- Yukarıkurudere Location within Turkey Yukarıkurudere Location within Turkey Aegean
- Coordinates: 38°55′36″N 31°01′46″E﻿ / ﻿38.92667°N 31.02944°E
- Country: Turkey
- Province: Afyonkarahisar
- District: Emirdağ
- Established: 1796

Government
- • Muhtar: Remzi Çalışır
- Elevation: 1,267 m (4,157 ft)
- Population (2021): 487
- Time zone: UTC+3 (TRT)
- Postal code: 03630

= Yukarıkurudere, Emirdağ =

Yukarıkurudere is a village in the Emirdağ District, Afyonkarahisar Province, Turkey. Its population is 487 (2021). Yukarıkurudere is located south of Mount Emirdağ, about 1276 meters above sea level. It is located at the Foothills of Dedeli mountain.

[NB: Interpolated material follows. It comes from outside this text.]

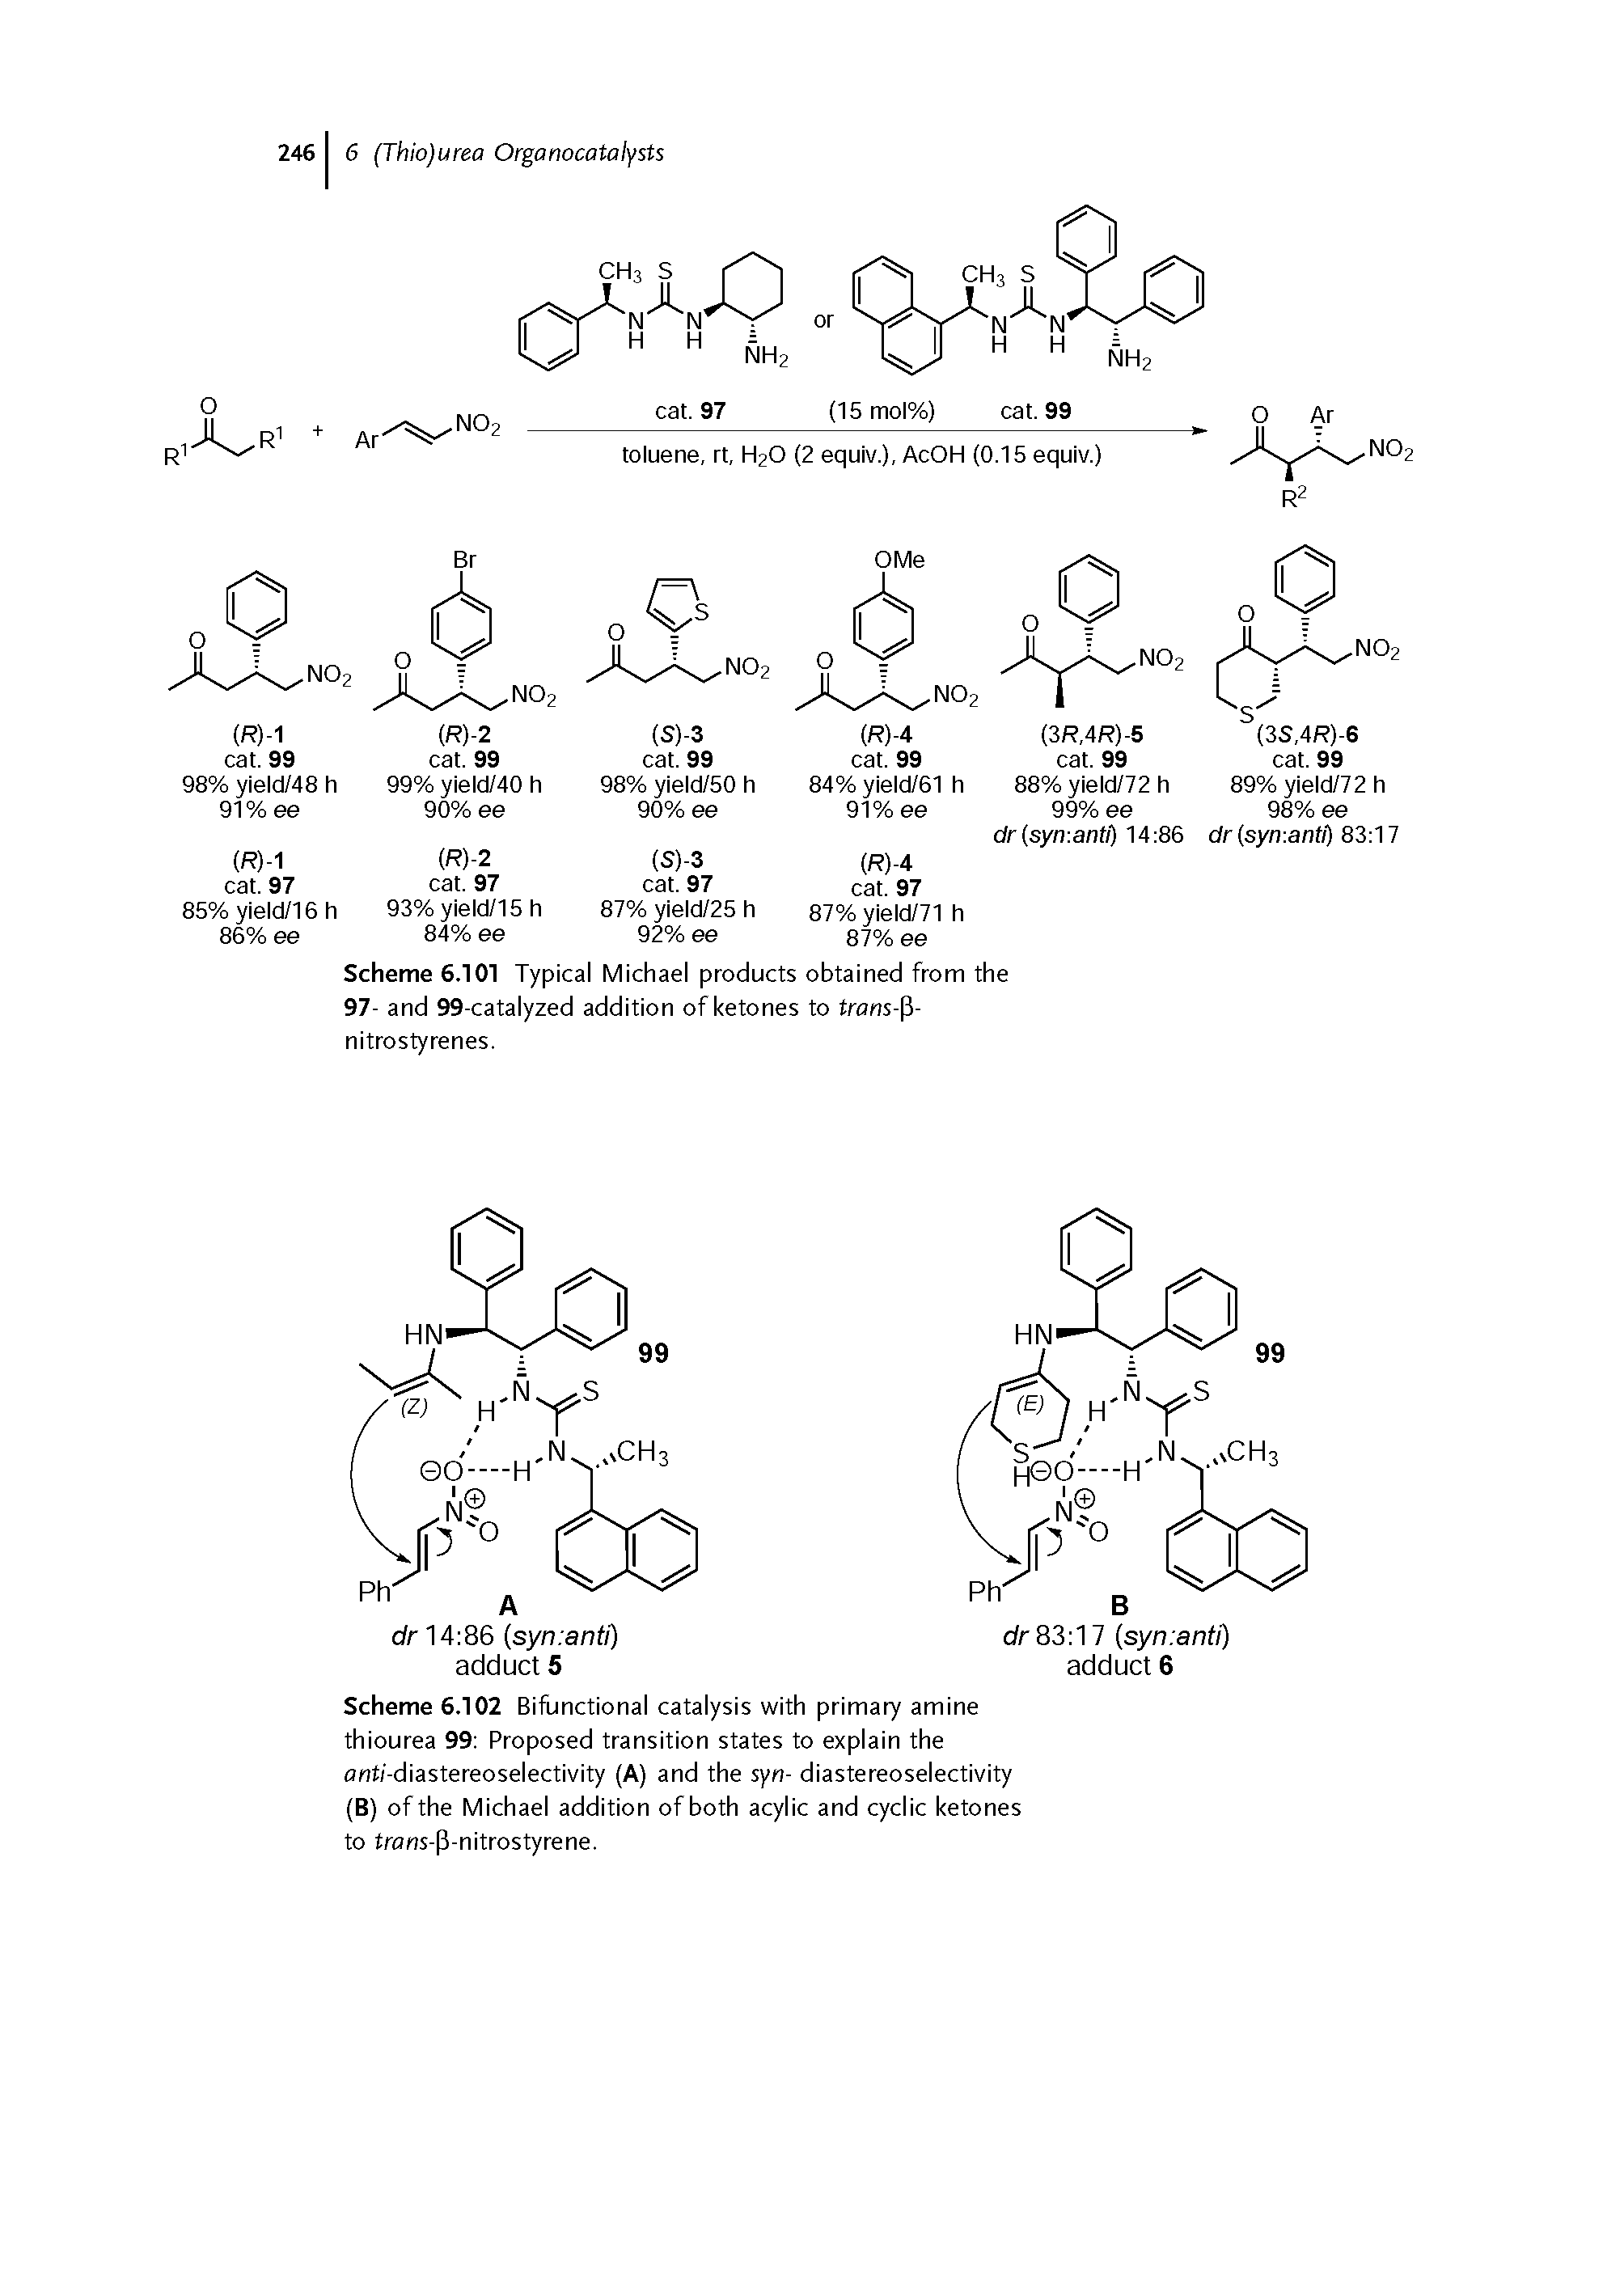 Scheme 6.102 Bifunctional catalysis with primary amine thiourea 99 Proposed transition states to explain the onfi-diastereoselectivity (A) and the syn- diastereoselectivity (B) of the Michael addition of both acylic and cyclic ketones to frans-P-nitrostyrene.

The village includes 3 neighbourhoods: Palıtlı, Mazı and Mahrumlu.

The name Yukarıkurudere means Upper Dry Creek.

== History ==
In the past the village was united with Aşağıkurudere (Lower Dry Creek) but they split because of the distance between them. The name of the village before the split was Kurudere. Both Yukarıkurudere and Aşağıkurudere were established after 3 Yörük (Turkish nomadic) brothers migrated from Yozgat in 1796.

=== Emigration ===
The majority of the people emigrated to Europe from 1965 to 1990. Most moved to Belgium, while others landed in The Netherlands, Germany and France. The first to migrate to Europe was Hasan Palıt, followed by Gazi Palıt, also known as Gazi Hoca.

=== 2010 Derbent-Kurudere water crisis ===
When a water source was found between Yukarıkurudere and Derbent in 2010, both villages claimed the water source, launching a conflict. The court awarded the water source to Derbent. After this decision the Yukarikurudere village held a referendum in 2012 to join the Kemerkaya village so they could have access to water. The citizens voted "No" by four votes.

== Demographics ==
The village is an Oghuz village. The majority of the people are from the Morcalı tribe, which is a subtribe of the Avşar Tribe. They belong to the Bozulus tribal confederation.